Data excerpt:
- - -
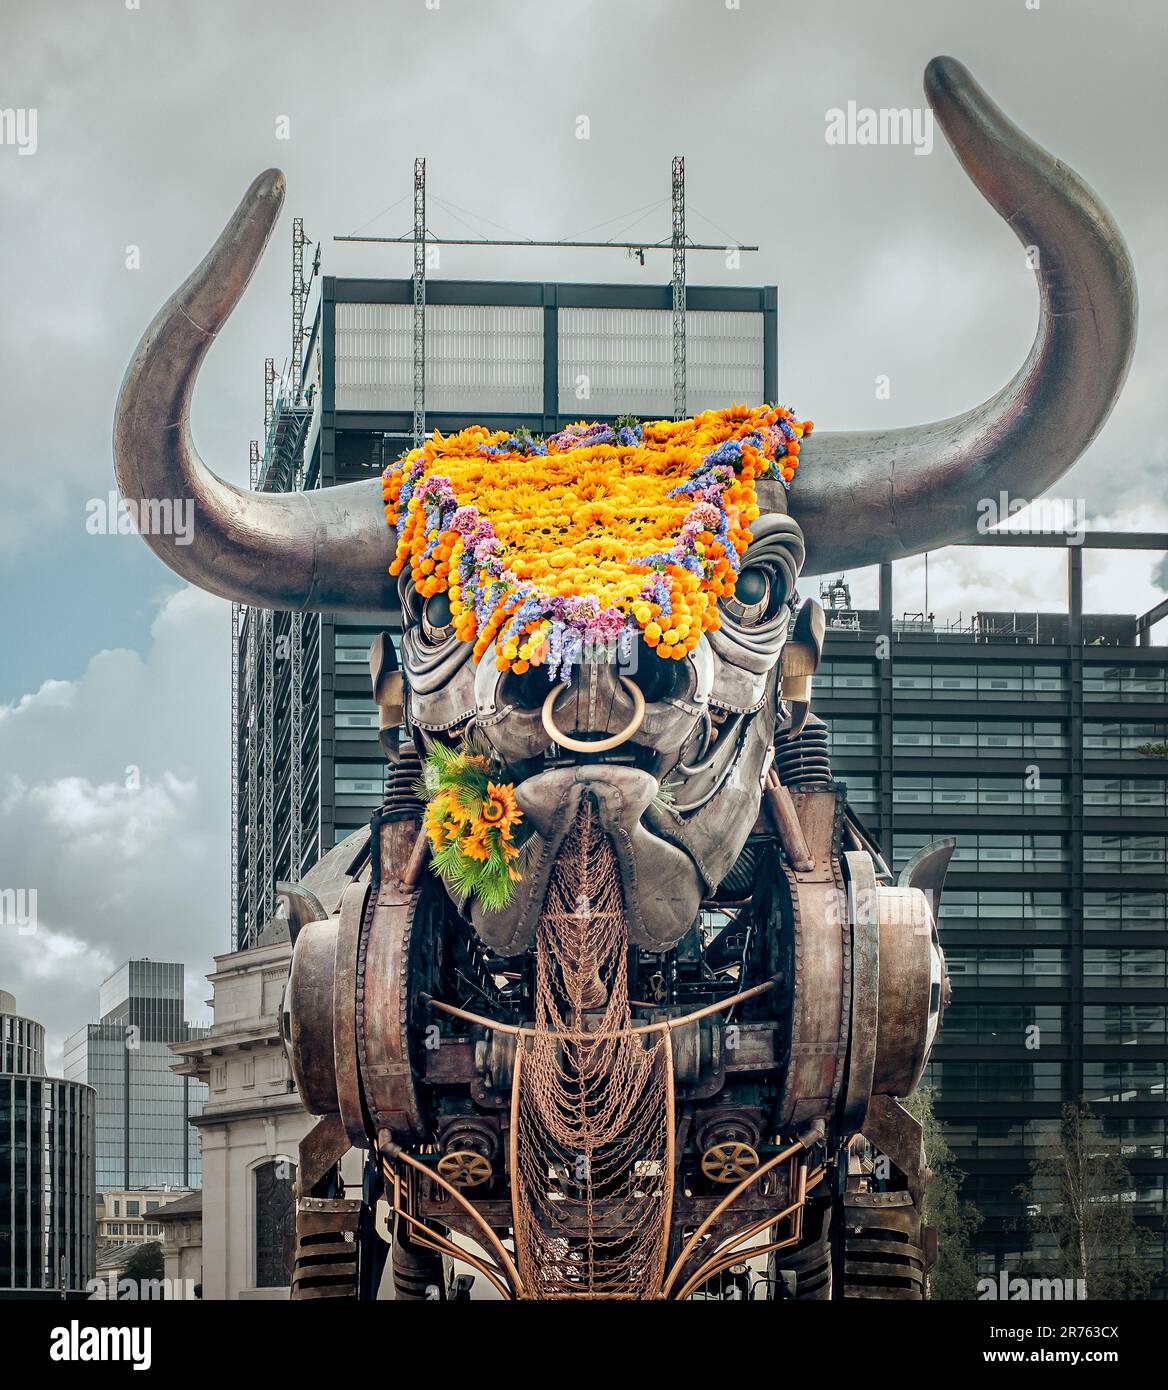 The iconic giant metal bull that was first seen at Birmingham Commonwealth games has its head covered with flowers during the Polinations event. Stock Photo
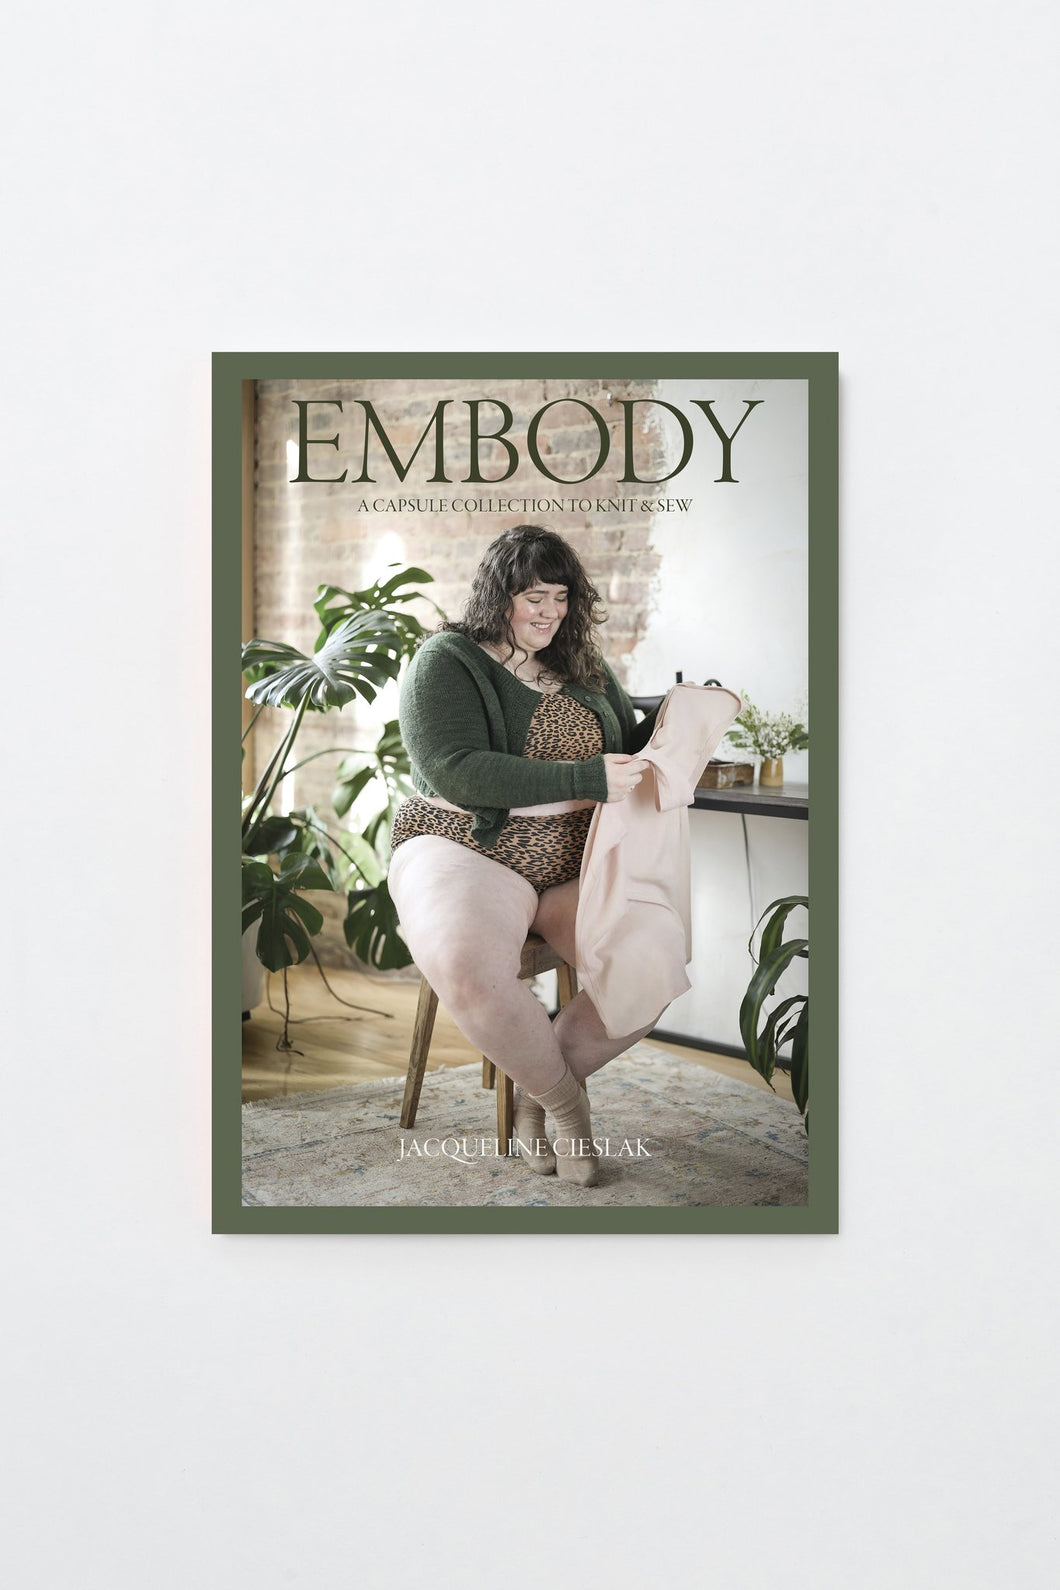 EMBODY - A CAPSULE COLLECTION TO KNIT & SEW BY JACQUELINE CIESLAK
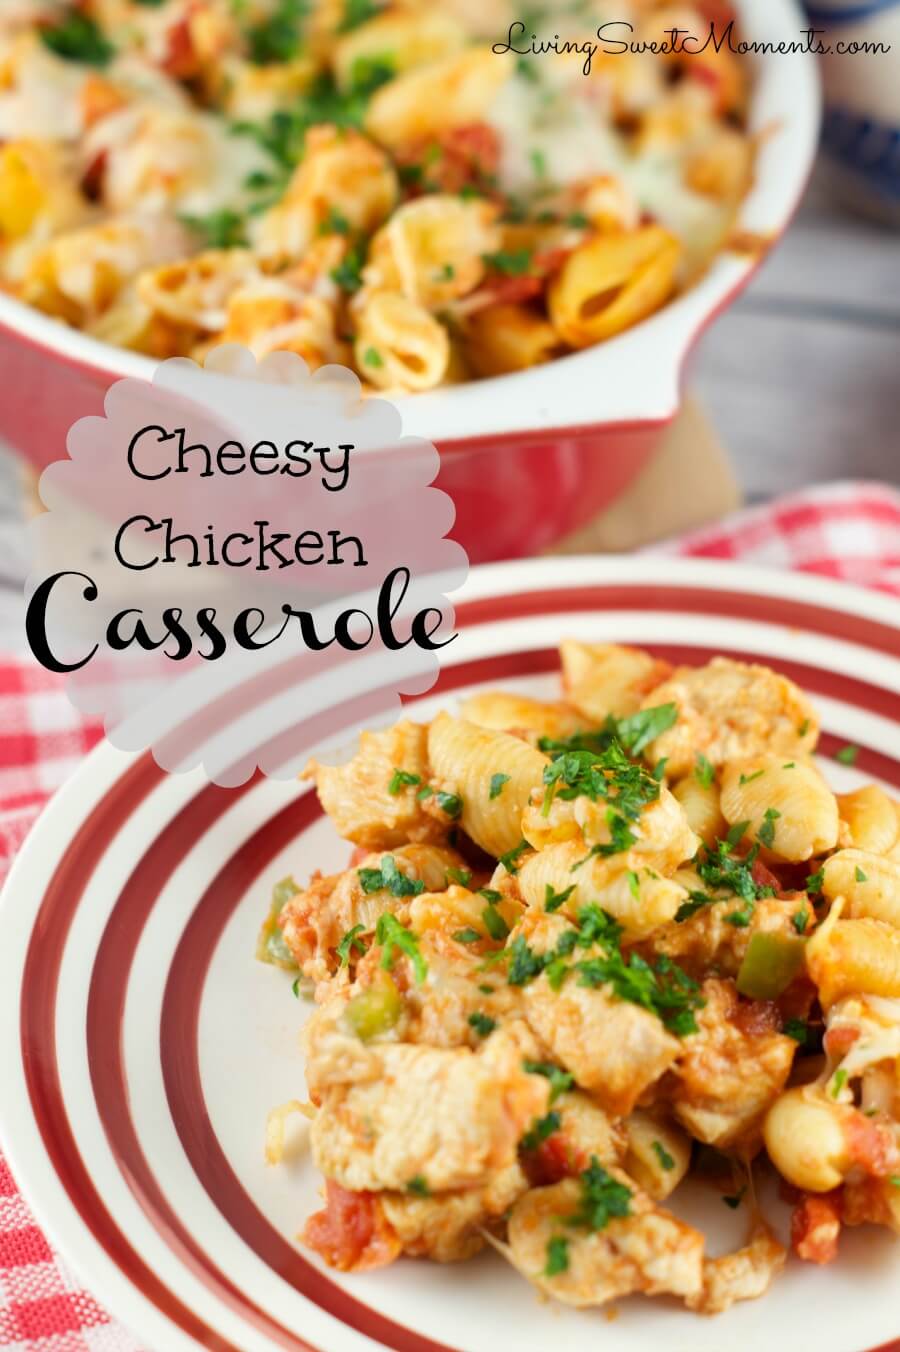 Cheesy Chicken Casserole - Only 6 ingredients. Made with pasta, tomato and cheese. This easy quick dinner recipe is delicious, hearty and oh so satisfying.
- - -
The task: The full material above must be output verbatim, minus any pictures.

Response box:
 The iconic giant metal bull that was first seen at Birmingham Commonwealth games has its head covered with flowers during the Polinations event. Stock Photo
 EMBODY - A CAPSULE COLLECTION TO KNIT & SEW BY JACQUELINE CIESLAK
 Cheesy Chicken Casserole - Only 6 ingredients. Made with pasta, tomato and cheese. This easy quick dinner recipe is delicious, hearty and oh so satisfying.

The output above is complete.